Canadian Forest Service Publications

Exploiting Poisson additivity to predict fire frequency from maps of fire weather and land cover in boreal forests of Québec, Canada. 2016. Marchal, J.; Cumming, S.G.; McIntire, E.J.B. Ecography 39: 001–010.

Year: 2016

Issued by: Pacific Forestry Centre

Catalog ID: 37633

Language: English

Availability: PDF (request by e-mail)

Available from the Journal's Web site.
DOI: 10.1111/ecog.01849

† This site may require a fee

Mark record

Abstract

Predictive models of fire frequency conditional on weather and land cover are essential to assess how future cover-type distributions and weather conditions may influence fire regimes. We modelled the effects of bottom-up variables (e.g. land cover) and top-down variables (e.g. fire weather) simultaneously with data aggregated or interpolated to spatial and temporal units of 100 km2 and 1 yr in the boreal forest of Québec, Canada. For models of human-caused fires, we used road density as a surrogate for human access and behaviour. We exploited the additive property of Poisson distributions to estimate cover-type specific fire count rates, which would normally not be possible with data of this spatial resolution. We used piecewise linear functions to model nonlinear relations between fire weather and fire frequency for each cover-type simultaneously. The estimated conditional rates may be considered as expected mean counts per unit area and time.
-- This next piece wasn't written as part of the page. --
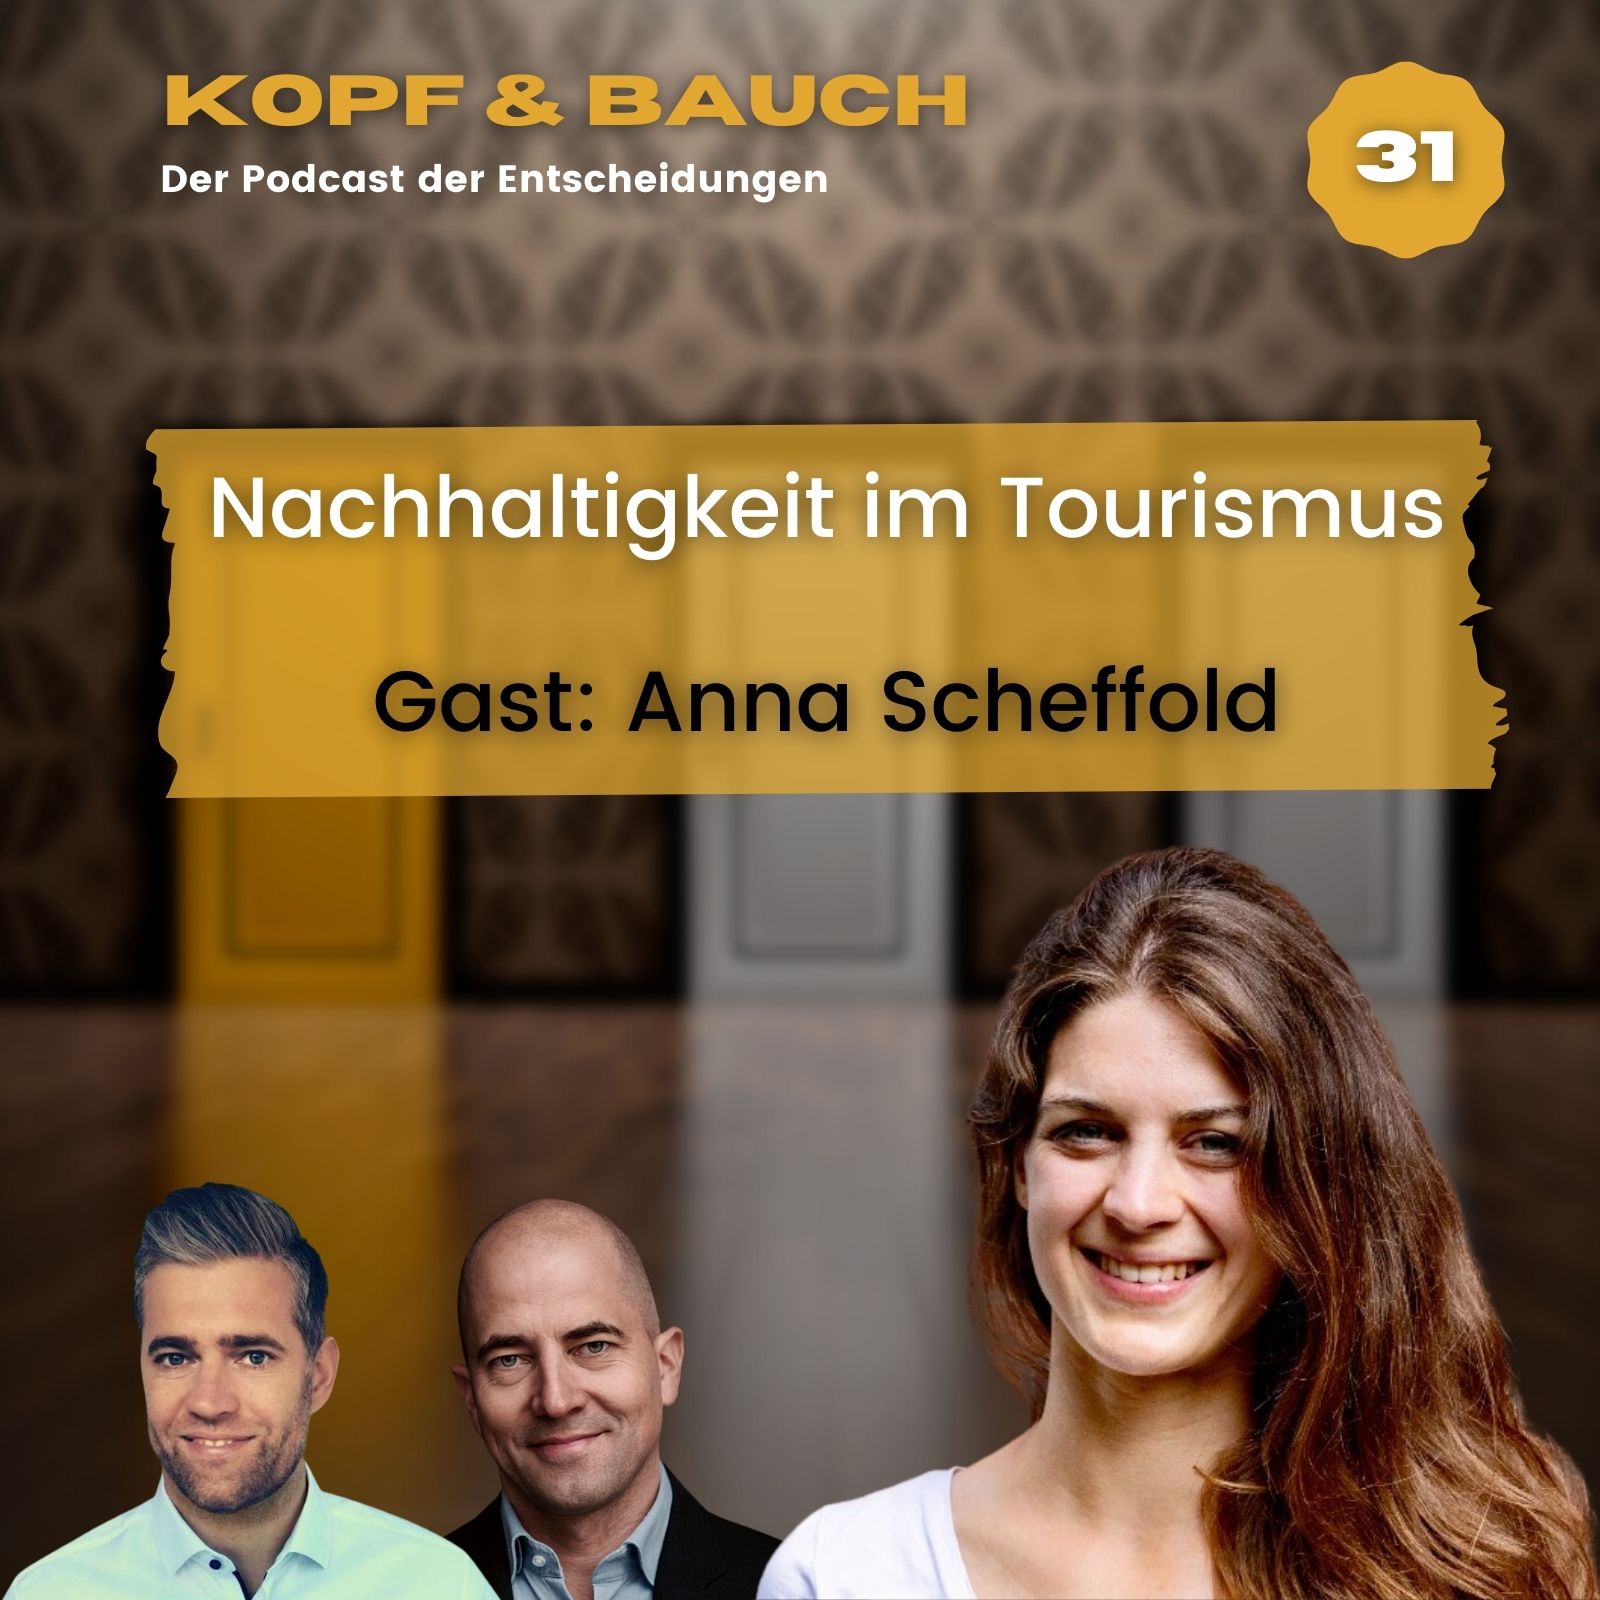 Nachhaltigkeit im Tourismus  - Gast: Anna Scheffold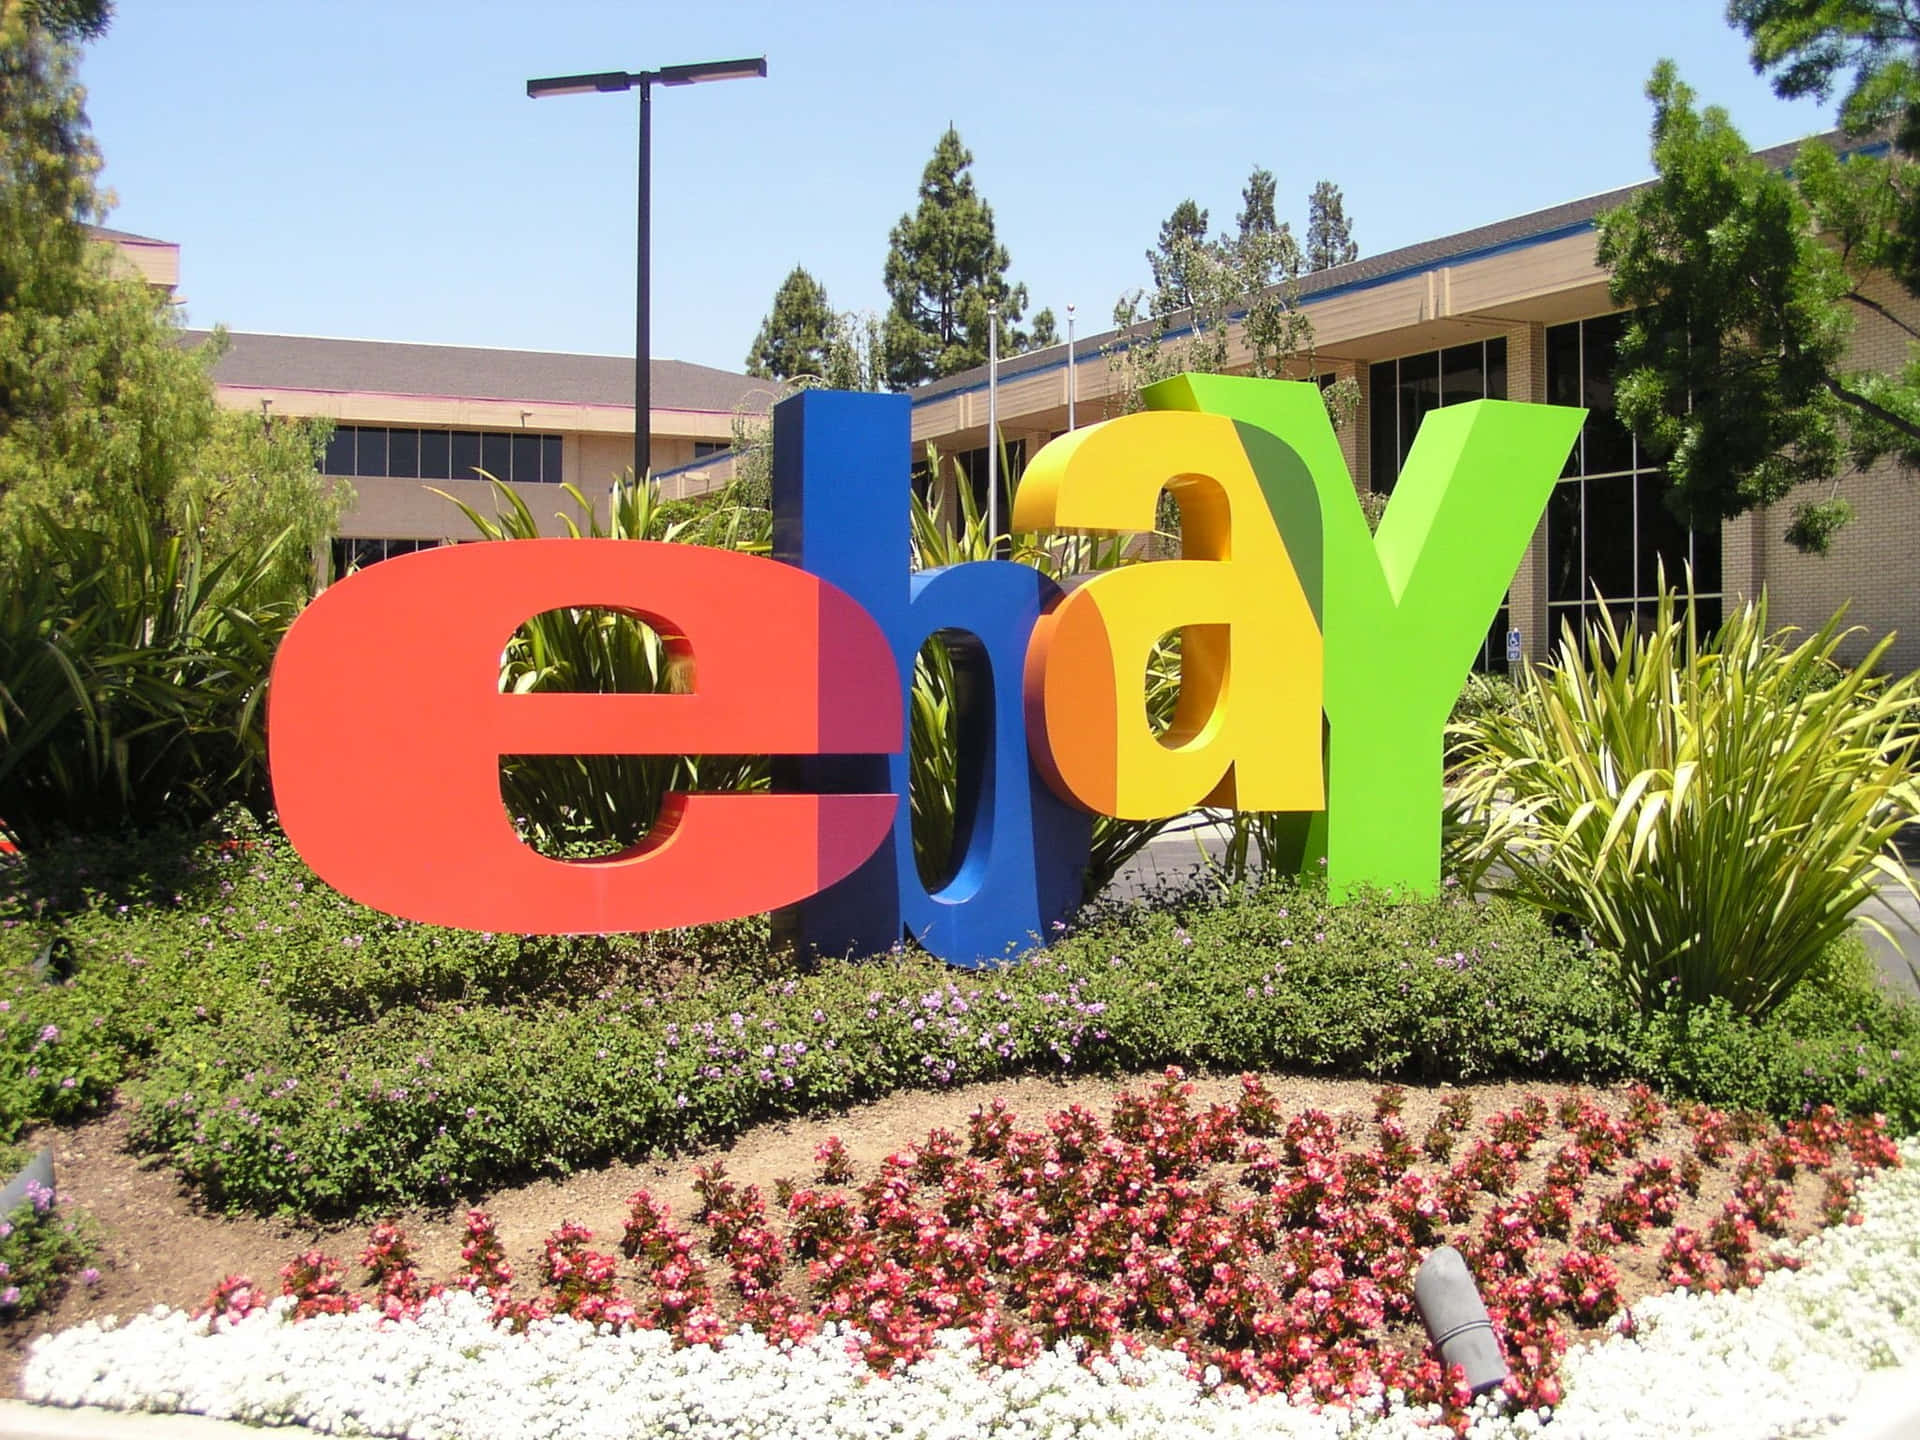 Kaufenund Verkaufen Sie Auf Ebay, Dem Weltweit Größten Online-marktplatz!

It follows that these rates can be rescaled to arbitrary spatial and temporal extents. Our results showed fire frequency increased nonlinearly as aridity increased and more quickly in disturbed areas than other types. Road density exerted the strongest influence on the frequency of human-caused fires, which were positively correlated with road density. The estimates may be used to parameterize the fire ignition component of spatial simulation models, which often have a resolution different from that at which the data were collected. This is an essential step in incorporating biotic and abiotic feedbacks, land-cover dynamics, and climate projections into ecological forecasting. The insight into the power of Poisson additivity to reveal high-resolution ecological processes from low-resolution data could have applications in other areas of ecology.

Plain Language Summary

Predicting fire frequency into the future is challenging. At the least, the predictions must be sensitive to predictions of future weather and future vegetation. To date, we don’t have good examples of predicting fire frequencies (i.e., how many fires will there be in a given year) that are sensitive to both. Here, we estimate vegetation and weather effects on fires simultaneously for central Quebec boreal forests. For the predictions for human caused fires, we also added road density as a surrogate for human access and behaviour. We show that fire frequency increased as it gets drier, and how it increases. We also showed that disturbed areas are more sensitive to drier conditions. Road density was the most important effect of human caused fires. All of these results will be used in fire prediction models to come soon. This is an essential step in dealing with feedbacks between vegetation, climate and fire in our forecasting models.